Path: utzoo!utgpu!jarvis.csri.toronto.edu!mailrus!ames!amdcad!weitek!sci!kenm
From: kenm@sci.UUCP (Ken McElvain)
Newsgroups: comp.arch
Subject: Re: Load/Branch ratio [was Re: 486 and 68040]
Summary: invariants across architectures
Message-ID: <44621@sci.UUCP>
Date: 30 Apr 89 07:01:29 GMT
References: <17131@cup.portal.com> <12435@reed.UUCP> <3913@mipos3.intel.com> <18253@winchester.mips.COM>
Organization: Silicon Compilers Systems Corp. San Jose, Ca
Lines: 45

In article <18253@winchester.mips.COM>, mash@mips.COM (John Mashey) writes:
> In article <25428@amdcad.AMD.COM> tim@amd.com (Tim Olson) writes:
> >In article <18201@winchester.mips.COM> mash@mips.COM (John Mashey) writes:
> >| Yes, certainly a good tradeoff; loads are more frequent than branches.
> 
> >Interesting -- what kind of numbers do you see?  On the Am29000, we tend
> >to see just the opposite, although they are somewhat close:
> 
> On R3000s, we see grossly similar effects, but the comment was directed to
> the 386/486 chips.  I.e.:
> 	a) Across typical micro architectures, the NUMBER of branches
> 	would be grossly equal, even with different compiler technology
> ,o	thje the major exception of loop-unrolling effects in real loopy code.
> 	b) The NUMBER of loads/stores, however, can vary quite a bit,
> 		affected by:
> 		1) The number of registers available at once
> 		2) Register windows/stack caches/etc for subroutine calls
> 		3) Global optimization technology
> 		4) The nature of the program, i.e., some loads and stores
> 		can be eliminated by optimizers or windows, some won't go
> 		away no matter what you do.

One measurement that I have always disliked because of its incompleteness
is the cache hit percentage.  A better measure is the number of cache
misses during a run of a given program.  With a given cache size and
organization this should be relatively constant across different CPU
architectures (Within limits, changing sizes of data types would affect things).

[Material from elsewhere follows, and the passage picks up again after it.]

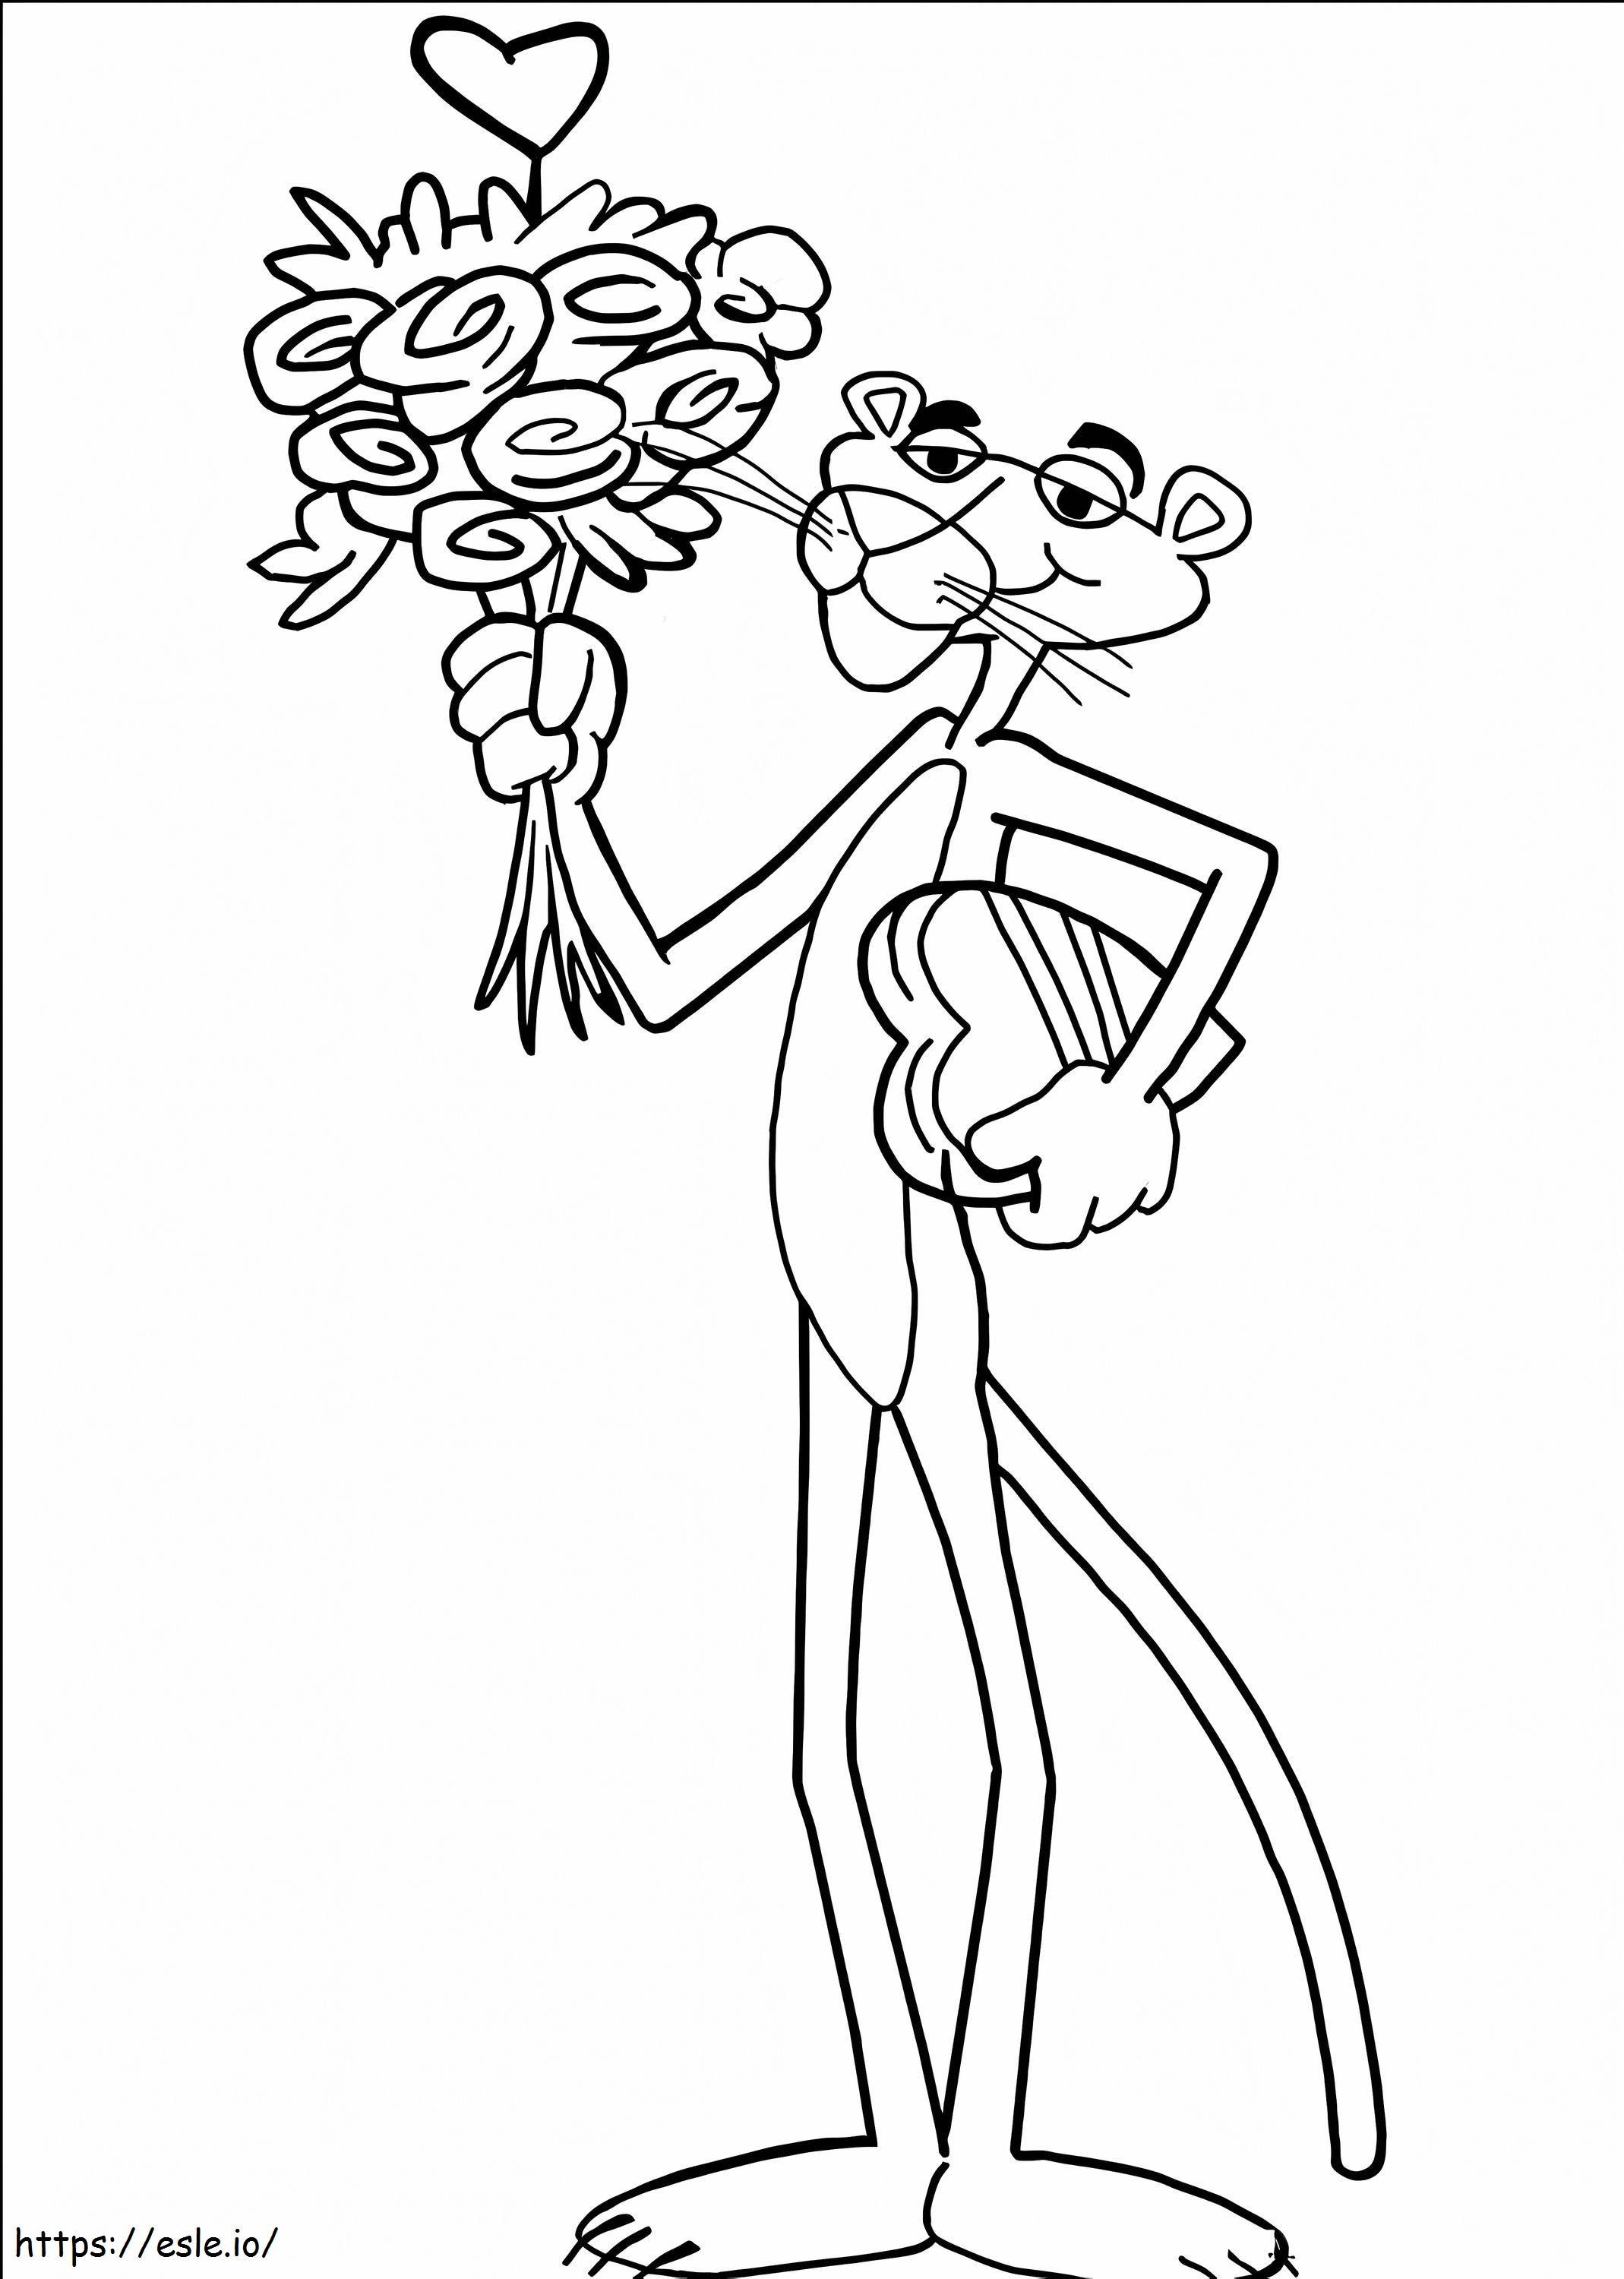 1539415067 Kissclipart Pink Panther Clipart Colouring Page A7Bc78Df1C876000 coloring page

Architectural changes that affect the number of load/stores would pretty
directly affect the cache hit percentage.  A small number of registers would
lead to an inflated percentage of hits.  Better use of registers should
lead to lower hit rates.

One should be able to get an idea of how well registers are doing
their job for a particular architecture/compiler from the cache size and
organization, the number of cache misses, and the percentage of hits.
A comparison of register windows and simple register files comes to mind.

How about some data?


Ken McElvain
{decwrl,weitek}!sci!kenm